Le surlendemain de l’agression (voir épisode #2), je décide d’appeler le 3117, le fameux numéro "victimes ou témoins, donnez l'alerte" mis en place par la RATP, largement diffusé dans les campagnes de communication contre le harcèlement dans les transports en commun les mois précédents (voir épisode #1). En appelant, j’espère y trouver un espace d’écoute, d’accompagnement et de conseil. La réalité est toute autre. Après deux sonneries, un homme décroche le téléphone. Premier étonnement : je ne m’attendais pas à avoir à raconter à un homme les circonstances de mon agression. Je lui explique la scène. Raisonnant en gestionnaire qui applique les critères qu’on lui a fournis, il se contente de me dire qu’il ne peut rien faire car le délai est dépassé : plus de 24h sont passées.

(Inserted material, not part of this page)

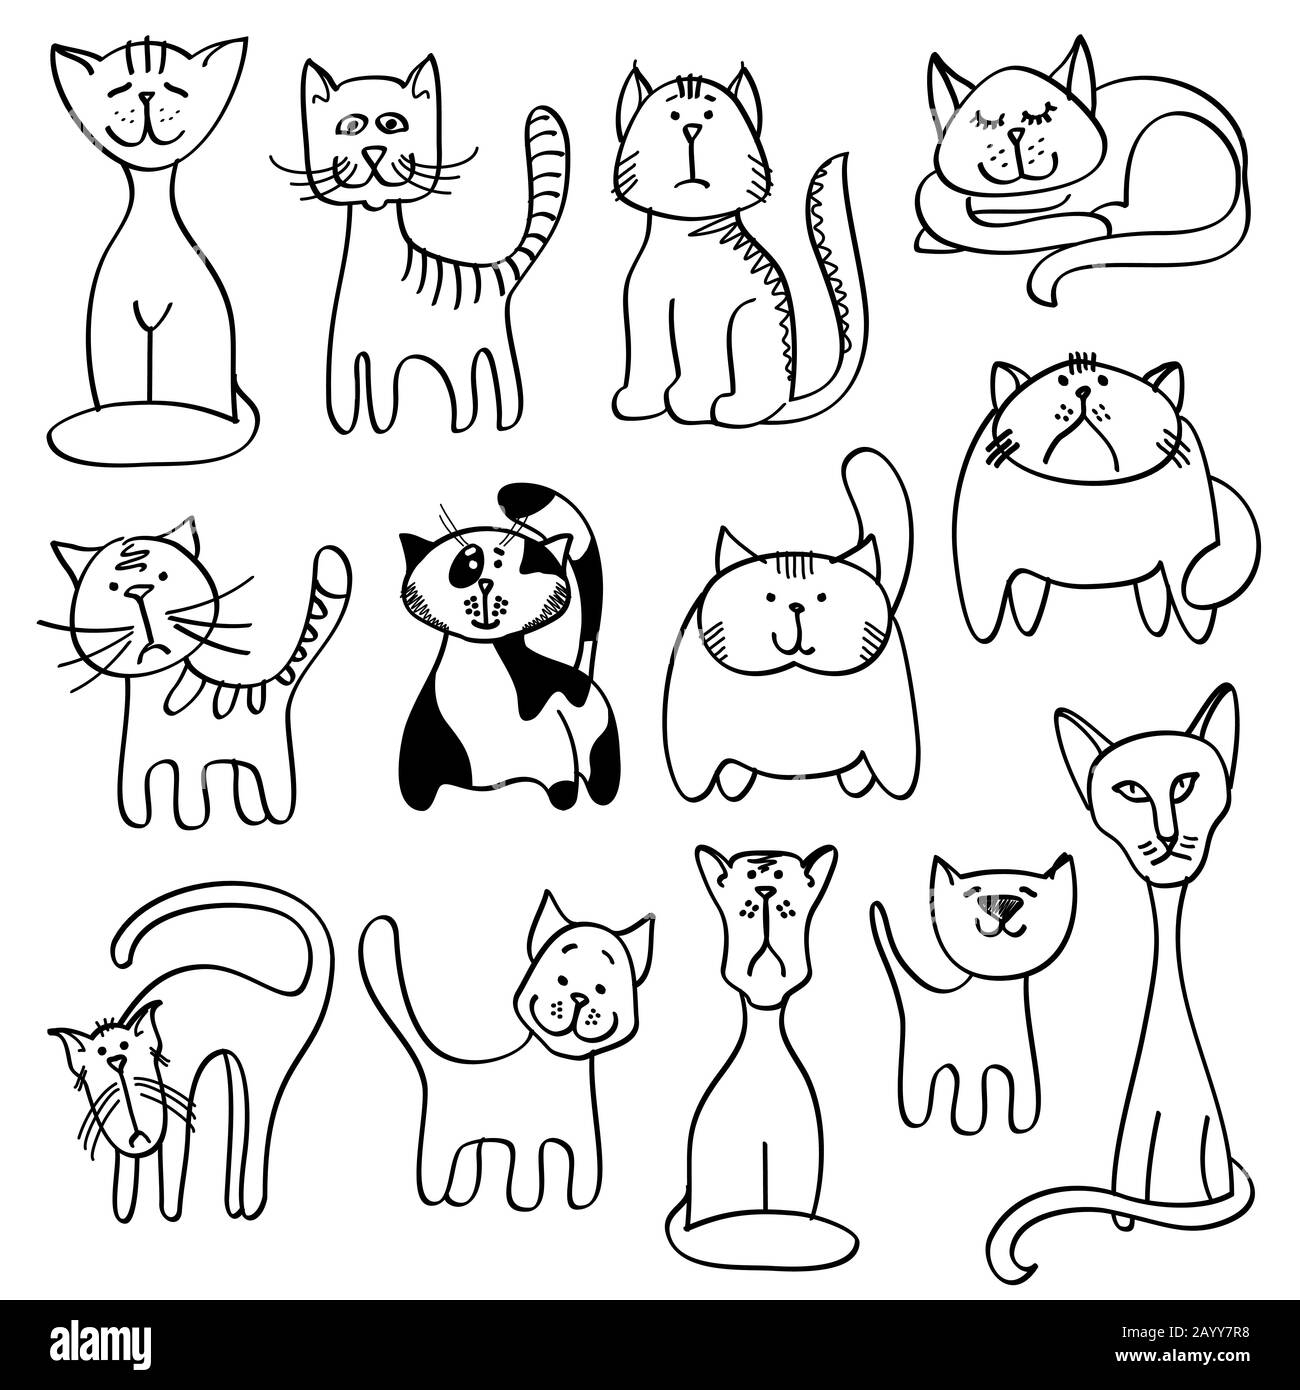 Home pets, cute cats in doodle vector style. Cat animal doodle and set of cat illustration Stock Vector

Puis il me pose une dernière question : « vous avez été frappée ? ». La question m’étonne, ainsi que l’usage de la forme passive pour me demander ce qui m’est arrivé. Ce à quoi je lui réponds : « Non, il m’a menacée avec une bouteille de bière ». « Ah... Bon bah il faut aller au commissariat déposer plainte. J'espère que j'ai répondu à votre question. Merci, au revoir madame. » me répond-il. Accompagnement expéditif.
Je décide donc d’aller le lendemain au commissariat de police pour déposer plainte, afin qu’il y ait une trace et que cette agression soit comptabilisée, mais également pour être informée si des démarches peuvent être engagées pour retrouver l’agresseur. Au commissariat, après avoir déclaré à l’accueil que je souhaite déposer plainte pour agression sexiste, je suis accueillie par un fonctionnaire de police -à nouveau un homme-. Il écoute ma situation, me pose quelques questions auxquelles je réponds, il prend note. À aucun moment il ne m’informe de mes droits, de la différence entre un dépôt de plainte et une main courante, des différents types de qualification des faits en fonction de ce qui m’est arrivé. Je ressors du commissariat une dizaine de minutes plus tard avec une main courante pour injures.
Plus de dépôt de plainte, pas de mention d’agression ni encore moins du caractère sexiste de l’agression. Quelles sont les raisons qui peuvent expliquer cela ? Je ne peux faire ici que des suppositions : mauvaise interprétation de la loi par le fonctionnaire de police, classement en main courante pour éviter d’ouvrir une information judiciaire qui engorgerait encore davantage des services déjà saturés, point de vue masculin ayant tendance à minimiser les faits...
La scène vécue correspondait cependant bien à une agression ayant fait l’objet d’injure verbale à caractère sexiste. J’aurais sans doute pu porter plainte au vu de la Loi n° 2018-703 du 3 août 2018 renforçant la lutte contre les violences sexuelles et sexistes. La réalité a été toute autre1.
Le récit des différentes étapes de cette scène d’agression ordinaire met en évidence l’ensemble des dimensions structurelles qui contribuent à invisibiliser l’ampleur des agressions faites aux femmes : délais de prescription, erreur dans la qualification des plaintes, manque d’accompagnement…
À l’évidence, les moyens mis en place pour lutter contre les violences faites aux femmes dans les transports en commun comme ailleurs sont encore bien insuffisants voire défaillants, et contribuent à ce que perdurent les violences structurelles dont elles font l’objet. Il est urgent d’y remédier.
1 Voir plus en détail les termes juridiques définissant les types d’injures ici, ainsi que la loi renforçant la lutte contre les violences sexuelles et sexistes ici.